Jeremy Goldstein is regarded as one of the most experienced attorneys in New York when it comes to advising compensation committee and handling sensitive corporate transactions such as mergers and acquisitions, executive compensation, trade union disputes, and more. Jeremy Goldstein has worked for the law firm named Wachtell, Lipton, Rosen, and Katz before starting his firm by the name of Jeremy Goldstein and Associates LLC. Over the years, Jeremy Goldstein has handled many complicated lawsuits for his clients and helped with the merger of Duke Energy and Progress Energy, Verizon Wireless with Alltell Corporation, and more. The reputation of Jeremy Goldstein in the legal fraternity is very active and influential and is the to-go lawyer in the United States when it comes to corporate issues and lawsuits.
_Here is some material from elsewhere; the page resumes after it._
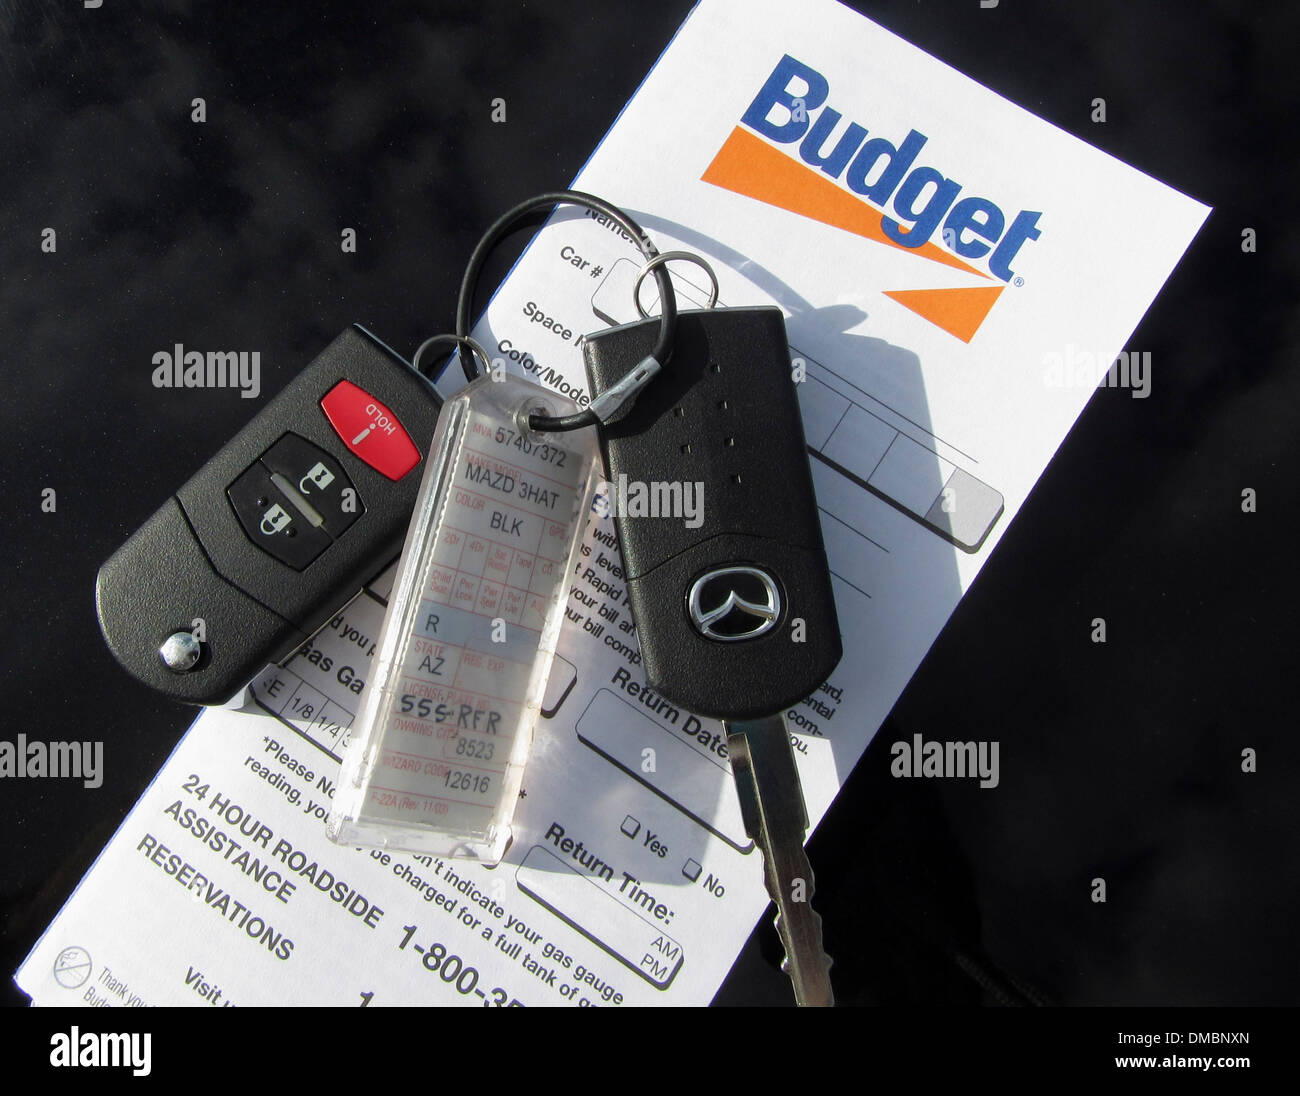 Budget Rent a Car contract and keys. The license number was digitally altered. Stock Photo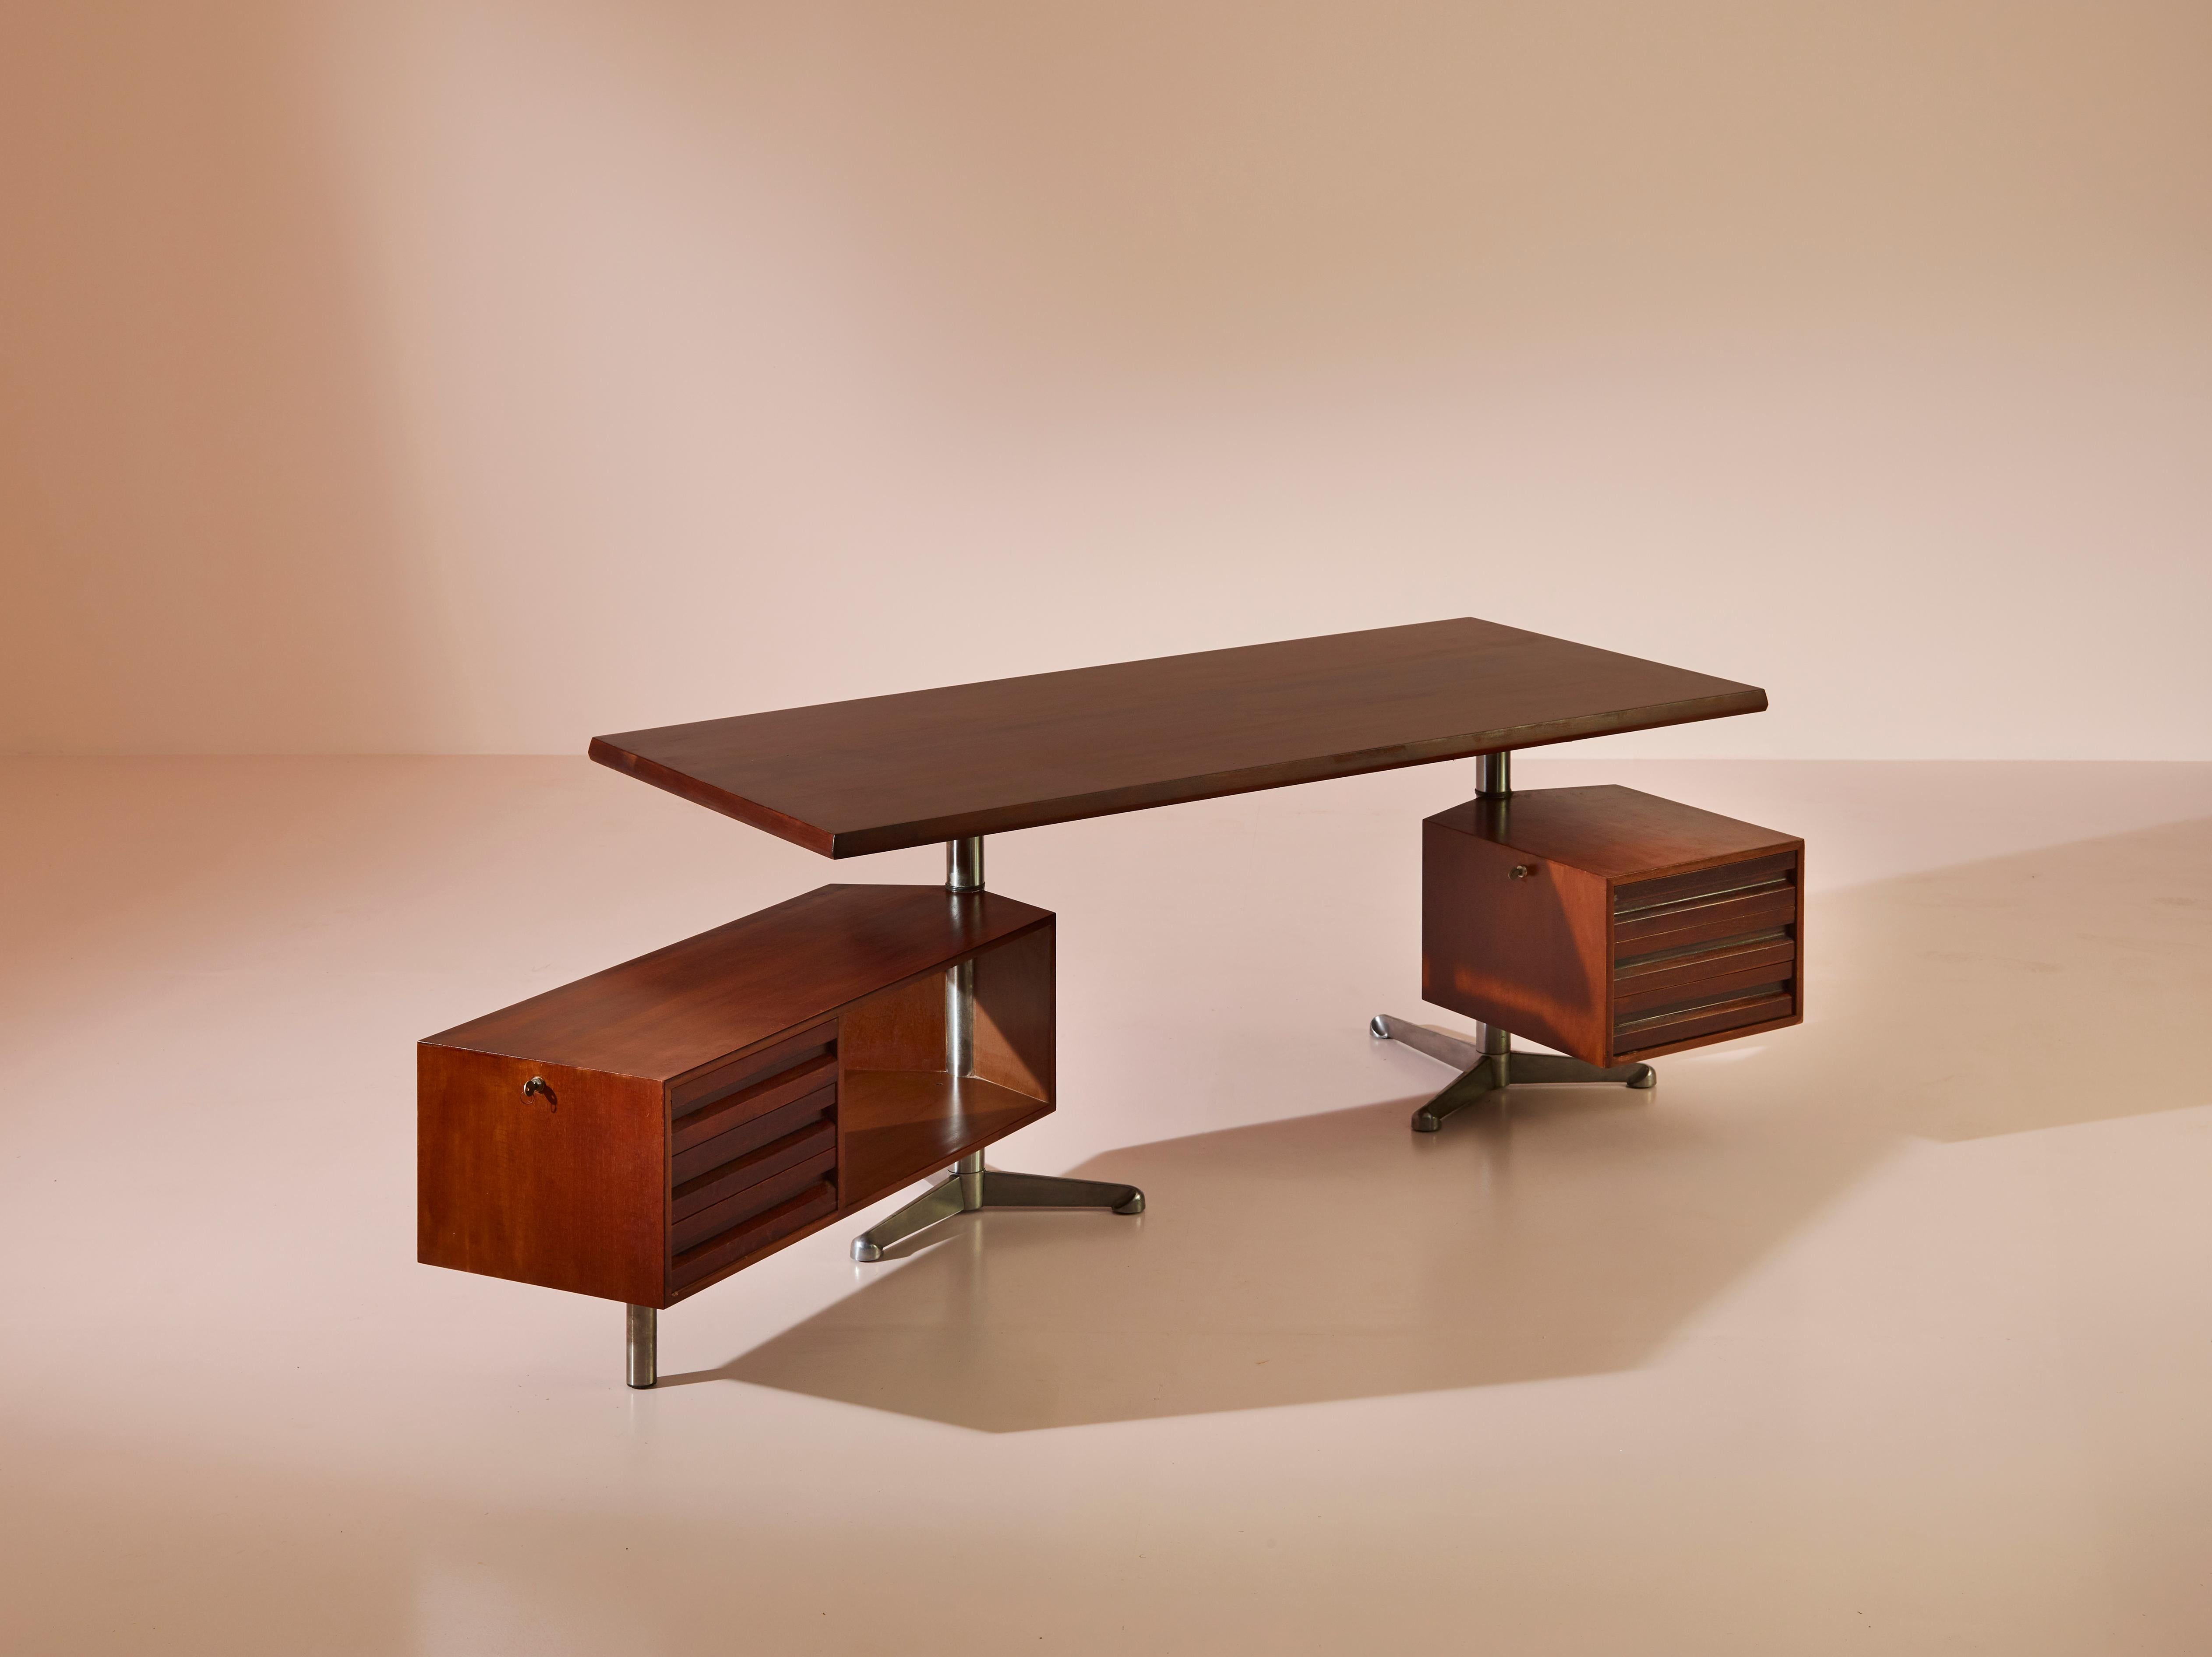 This T95 desk is a remarkable creation by the renowned designer Osvaldo Borsani for Tecno, Italy. Conceived in the 1956 and crafted towards the latter years of the same decade, this desk stands as a testament to the era's innovative and sleek

Jeremy Goldstein loves to share his knowledge and experience about the law with the legal fraternity and often writes about the sensitive issues in the world of law and corporate governance online. In one of the recent blogs, Jeremy Goldstein wrote about why most of the employees are not choosing stock options like earlier. He said that while it has the potential to increase the earnings considerably if the company does well, and the stock market soars, but there is a chance that the stock market might plunge as well. In such cases, the stock options become useless for the employees, who otherwise were banking on it.
It is for this reason, Jeremy Goldstein said that the companies should consider using the knockout option that would have a similar timeline for exercising as the conventional stock options, but if the prices of the stocks fall below the stipulated amount, it will become void. The knockout option would help the company to save its market capital and cheap buyout while also giving the much-needed safety to the employees, who are looking for security in their finances.